» WHAT IS REQUIRED
In the material below, find the line with "Białe tło. Po" and the line with "意大利奢侈皮具品牌 Valextra 在日本开设全新沉浸式体验空间，开拓生活方式品类", then output both and every line between them exactly, omitting pictures.
BEGIN EXTRACTED ENTRIES
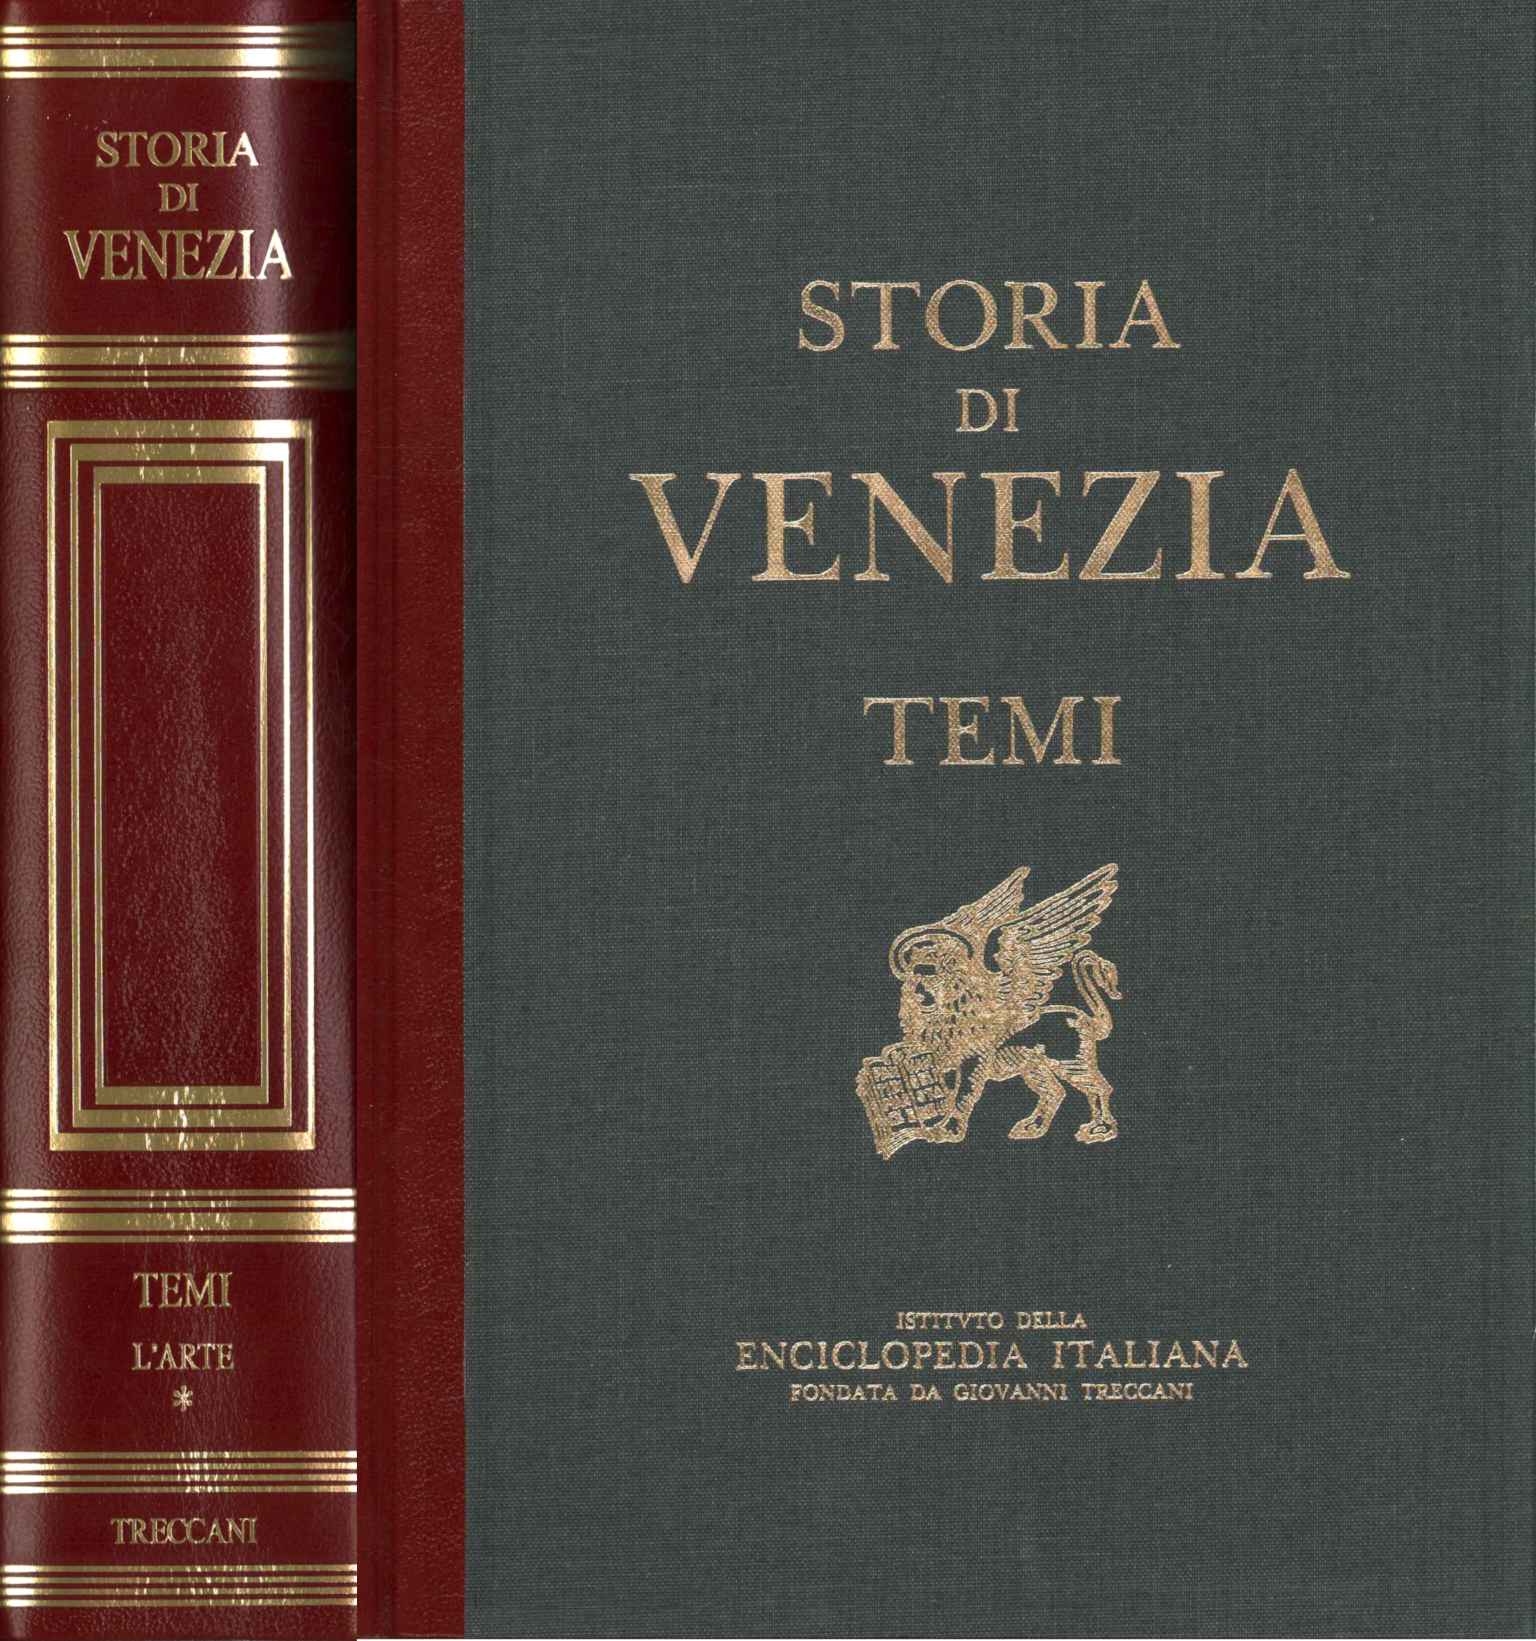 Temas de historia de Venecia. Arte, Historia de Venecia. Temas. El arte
END EXTRACTED ENTRIES
BEGIN EXTRACTED ENTRIES
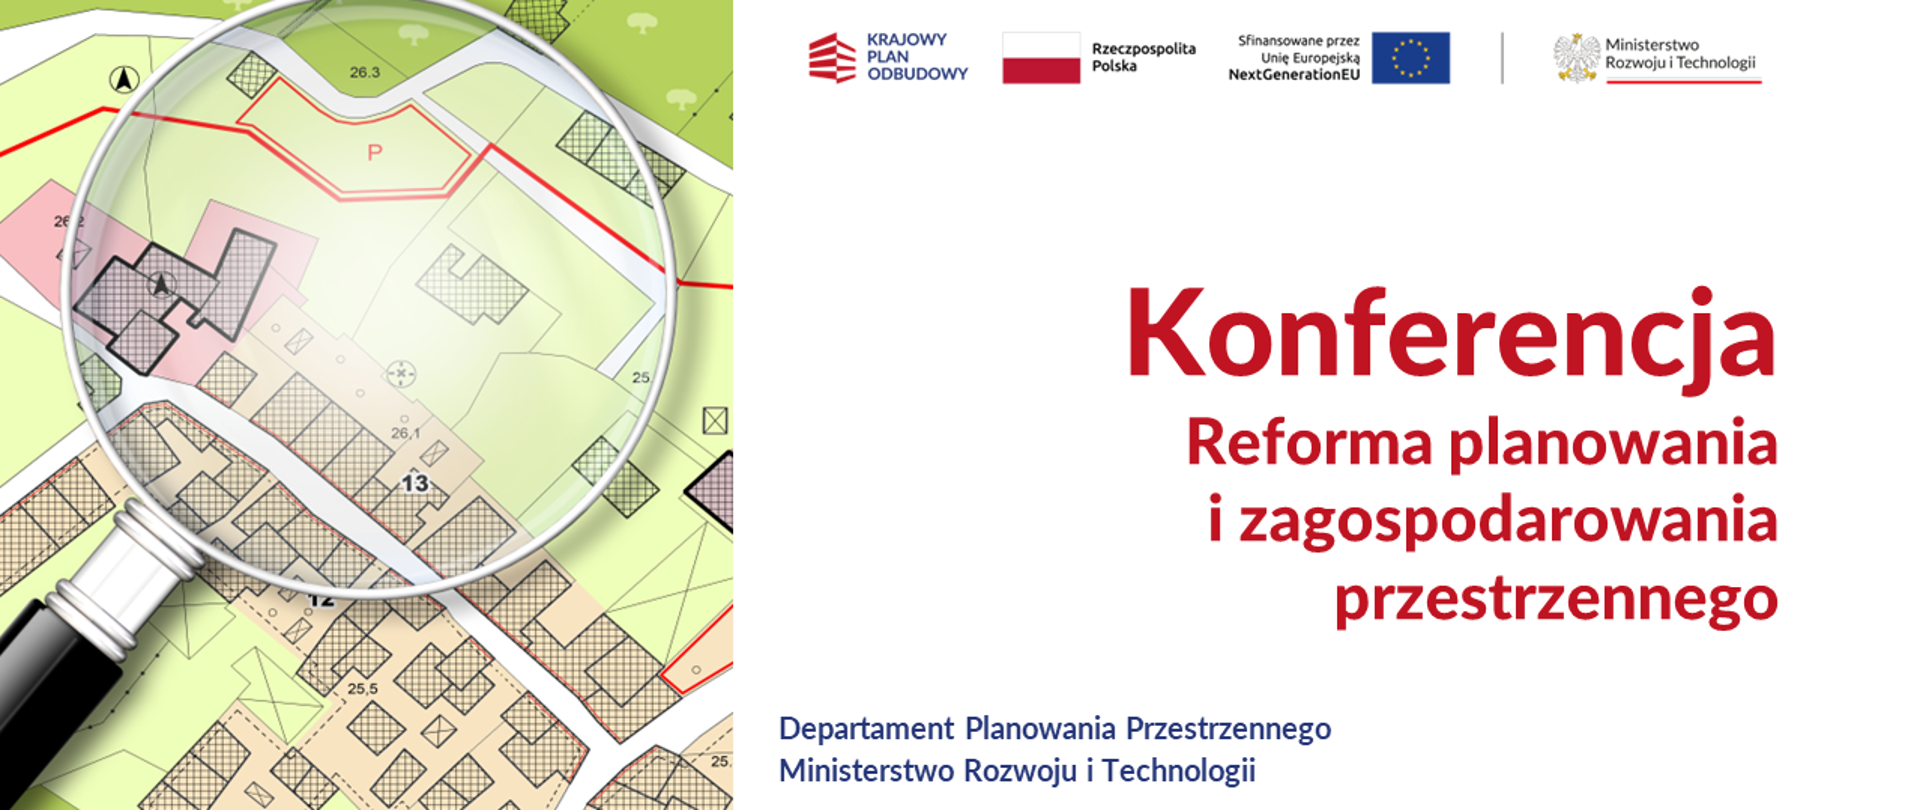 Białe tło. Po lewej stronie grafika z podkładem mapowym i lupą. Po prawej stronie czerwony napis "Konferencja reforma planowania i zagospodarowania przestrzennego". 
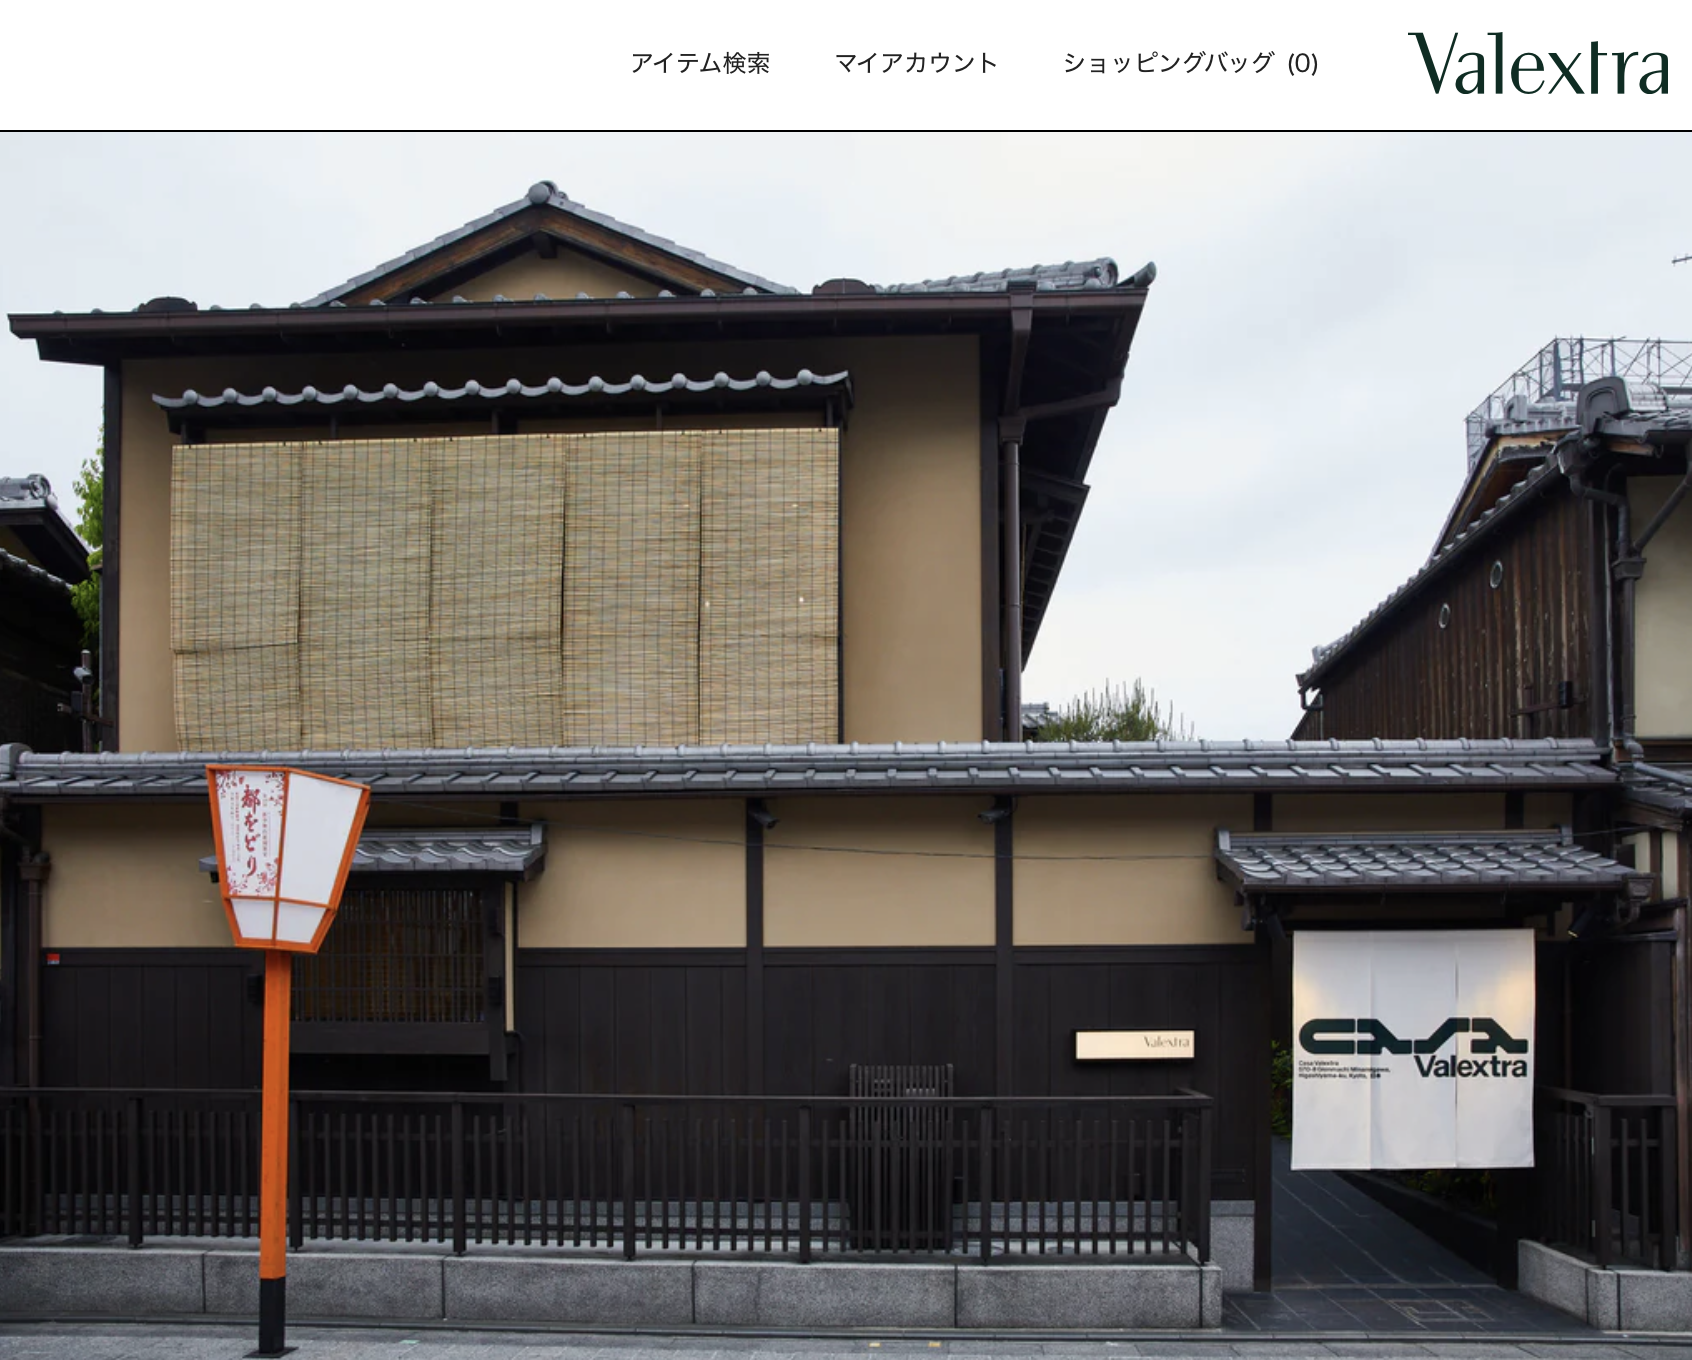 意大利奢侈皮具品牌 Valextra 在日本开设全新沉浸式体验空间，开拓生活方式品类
END EXTRACTED ENTRIES
BEGIN EXTRACTED ENTRIES
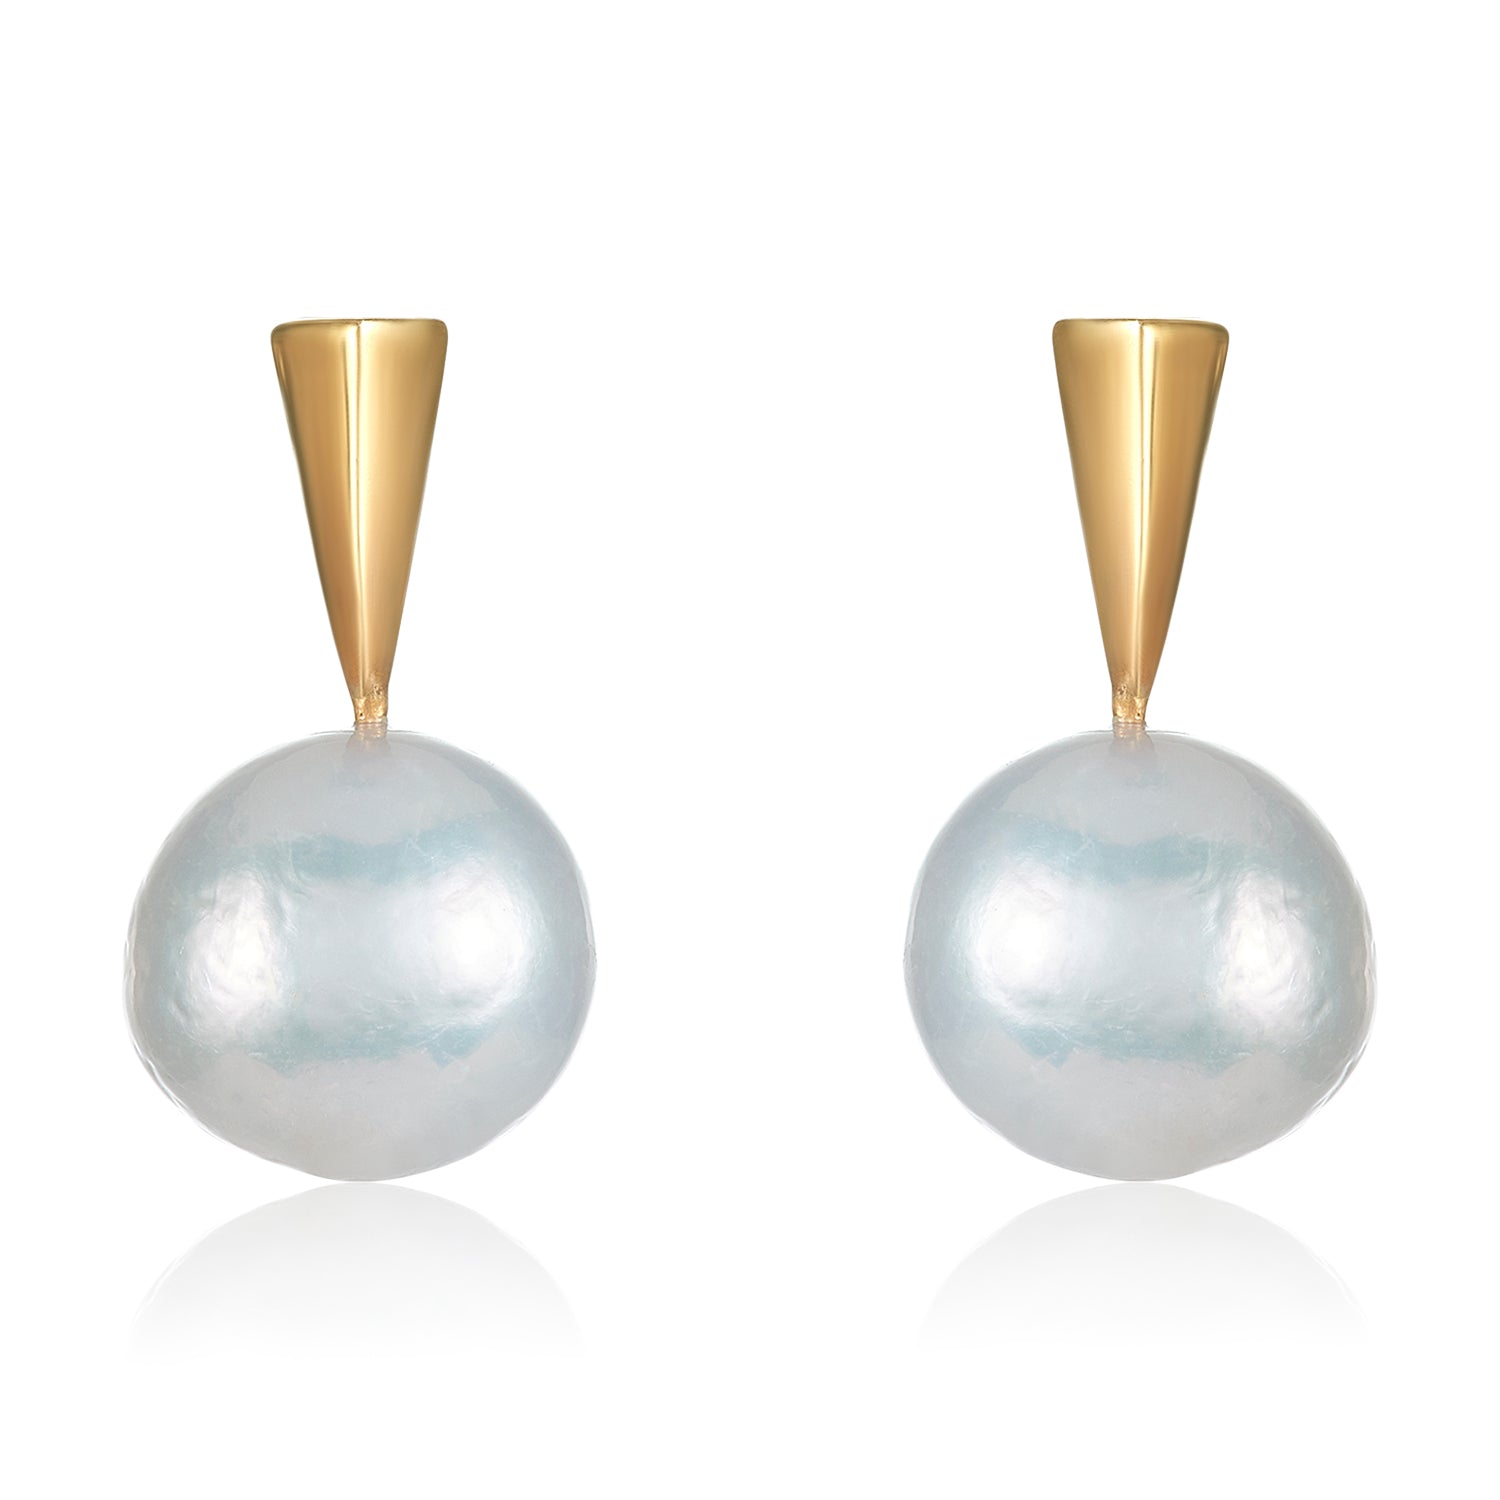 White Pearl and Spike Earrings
END EXTRACTED ENTRIES
» REPLY
 Białe tło. Po lewej stronie grafika z podkładem mapowym i lupą. Po prawej stronie czerwony napis "Konferencja reforma planowania i zagospodarowania przestrzennego". 
 意大利奢侈皮具品牌 Valextra 在日本开设全新沉浸式体验空间，开拓生活方式品类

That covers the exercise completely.